Your assignment: Print nothing but the lines below starting at the line that holds "Grapeful Chardonnay Organic" and ending at the line that holds "Imagen en miniatura", including both, each exactly as written.

BEGIN Recorded data

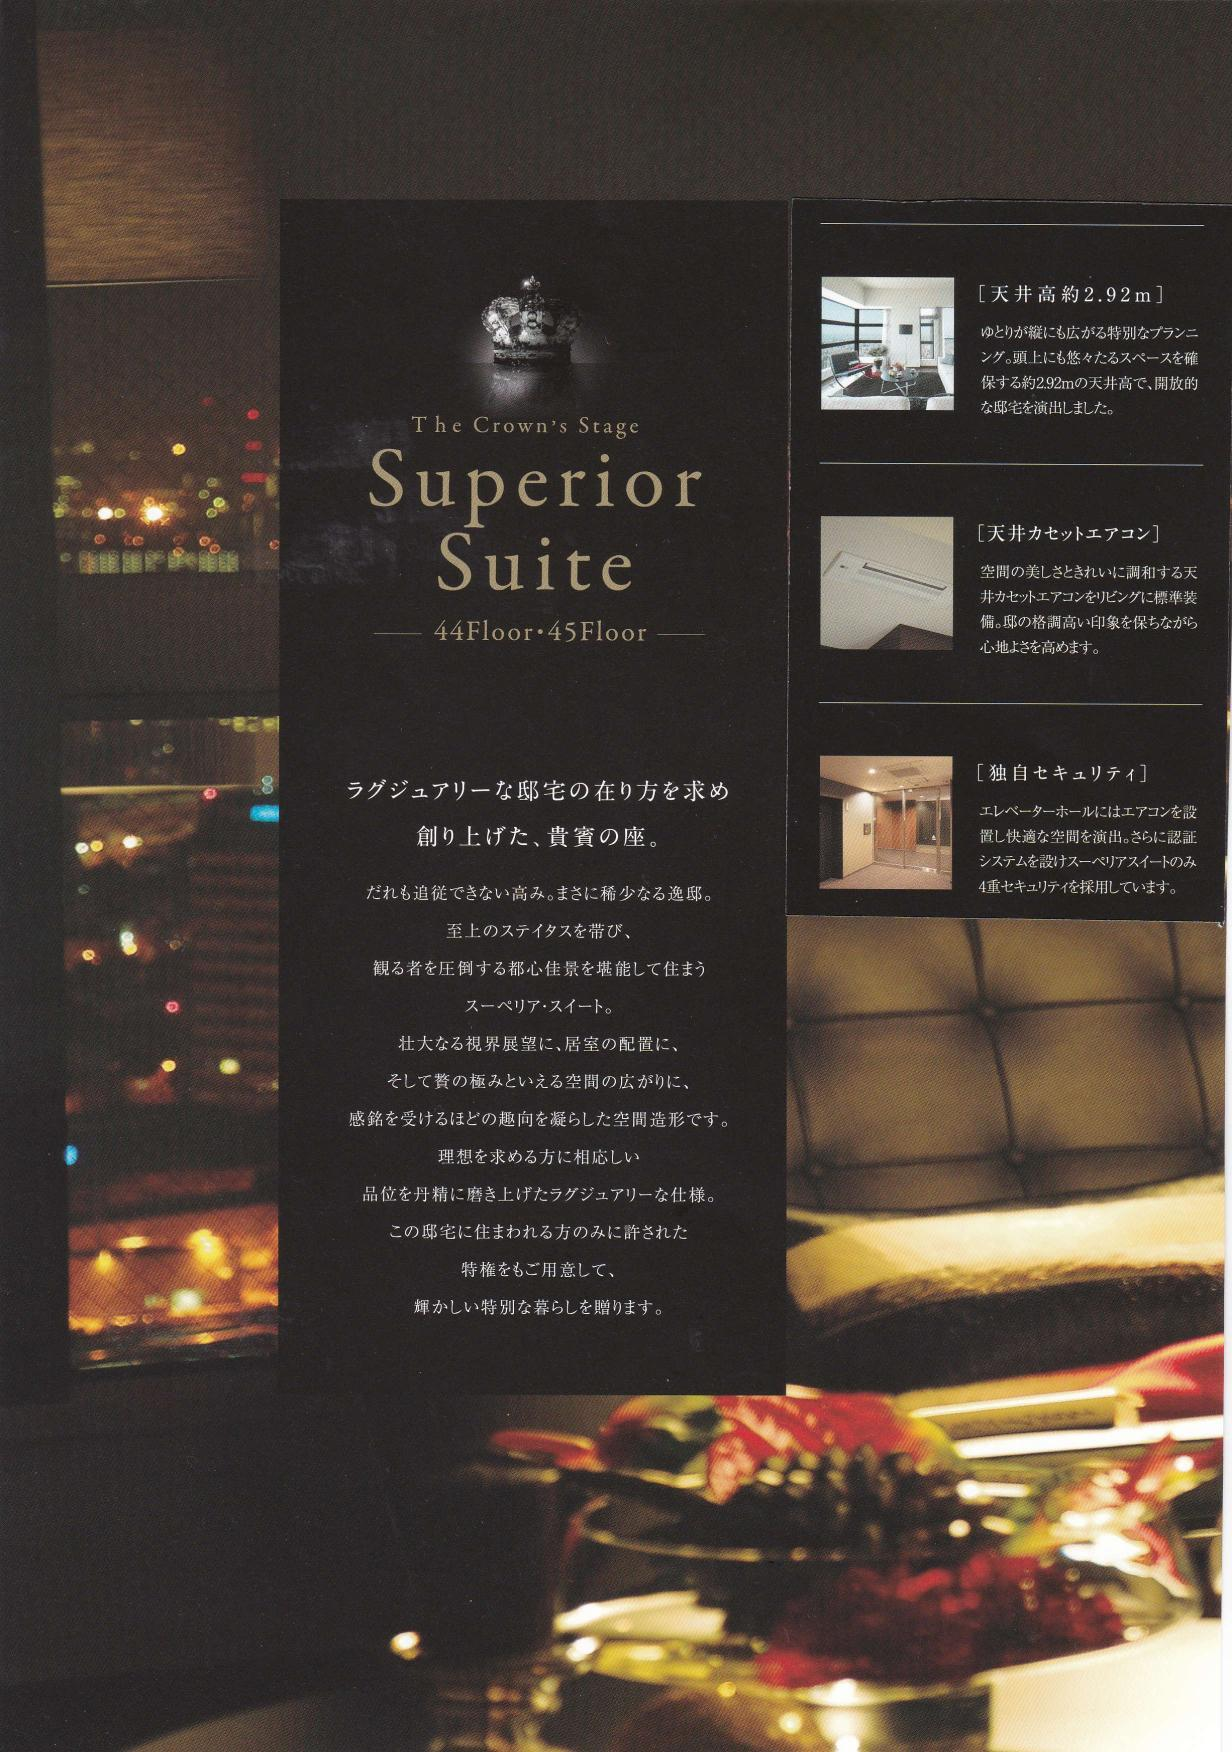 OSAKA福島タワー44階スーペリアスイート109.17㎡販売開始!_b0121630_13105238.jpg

END Recorded data
BEGIN Recorded data

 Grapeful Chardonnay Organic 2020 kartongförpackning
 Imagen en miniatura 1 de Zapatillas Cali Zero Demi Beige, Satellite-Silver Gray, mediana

END Recorded data
BEGIN Recorded data

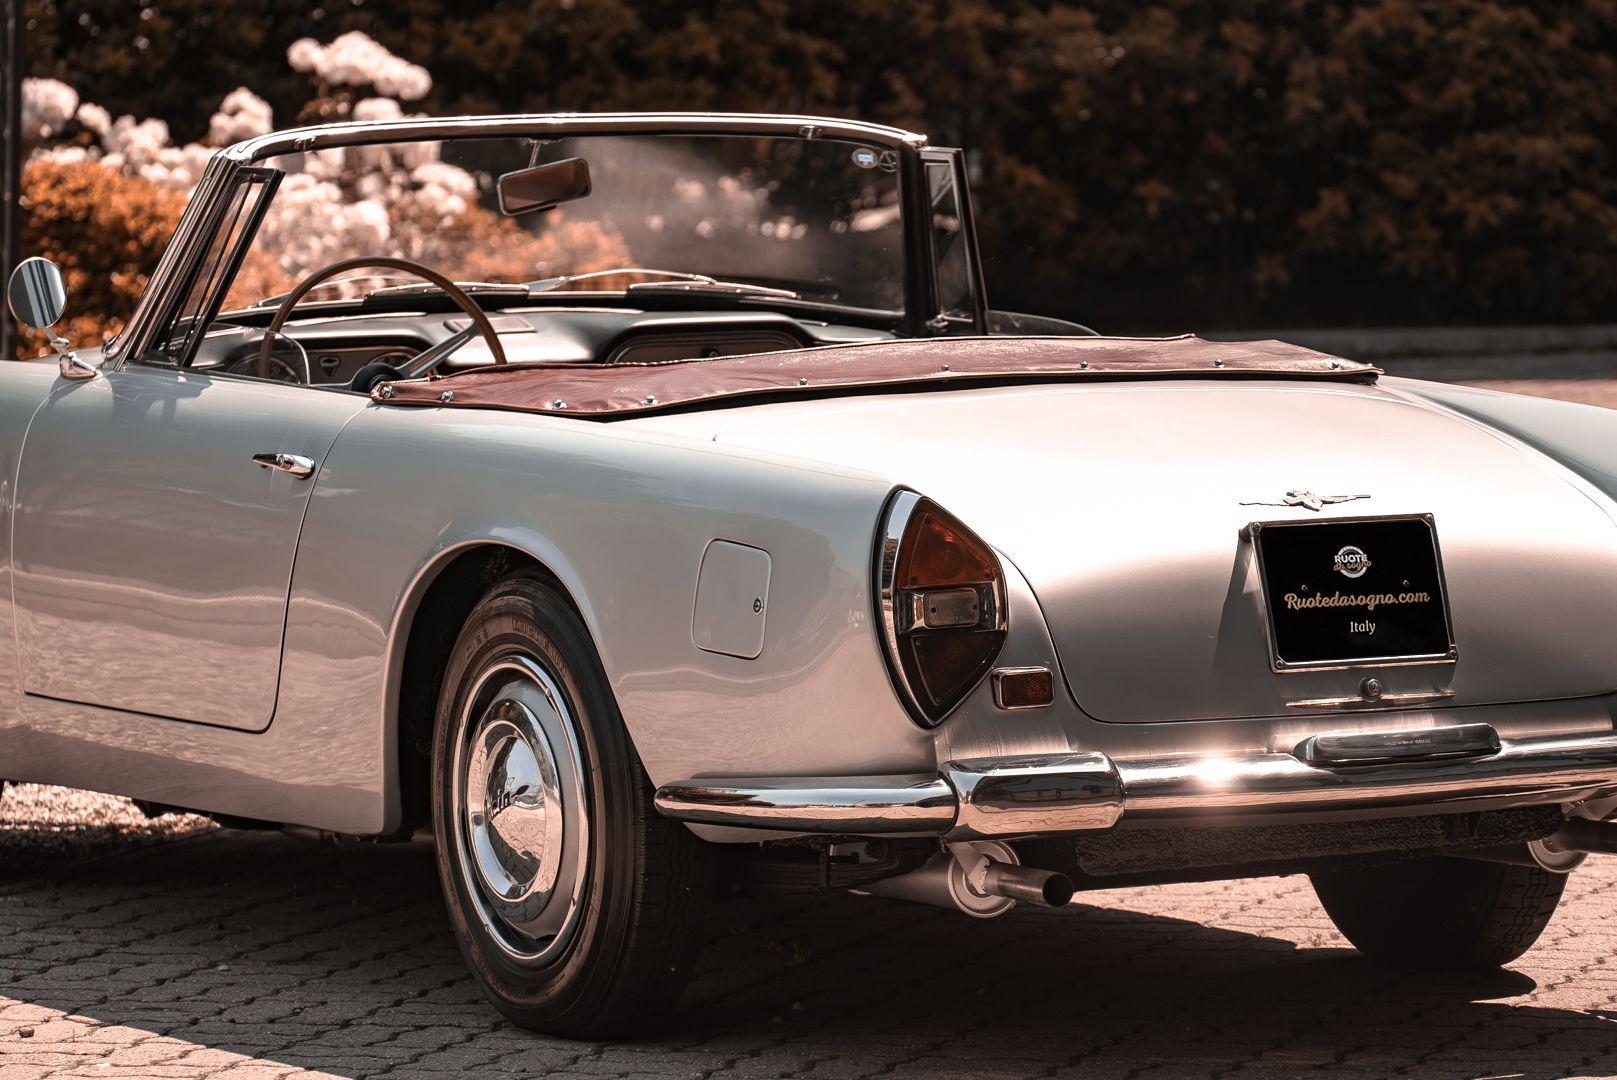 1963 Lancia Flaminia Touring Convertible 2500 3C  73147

END Recorded data

Result of the task:
 Grapeful Chardonnay Organic 2020 kartongförpackning
 Imagen en miniatura 1 de Zapatillas Cali Zero Demi Beige, Satellite-Silver Gray, mediana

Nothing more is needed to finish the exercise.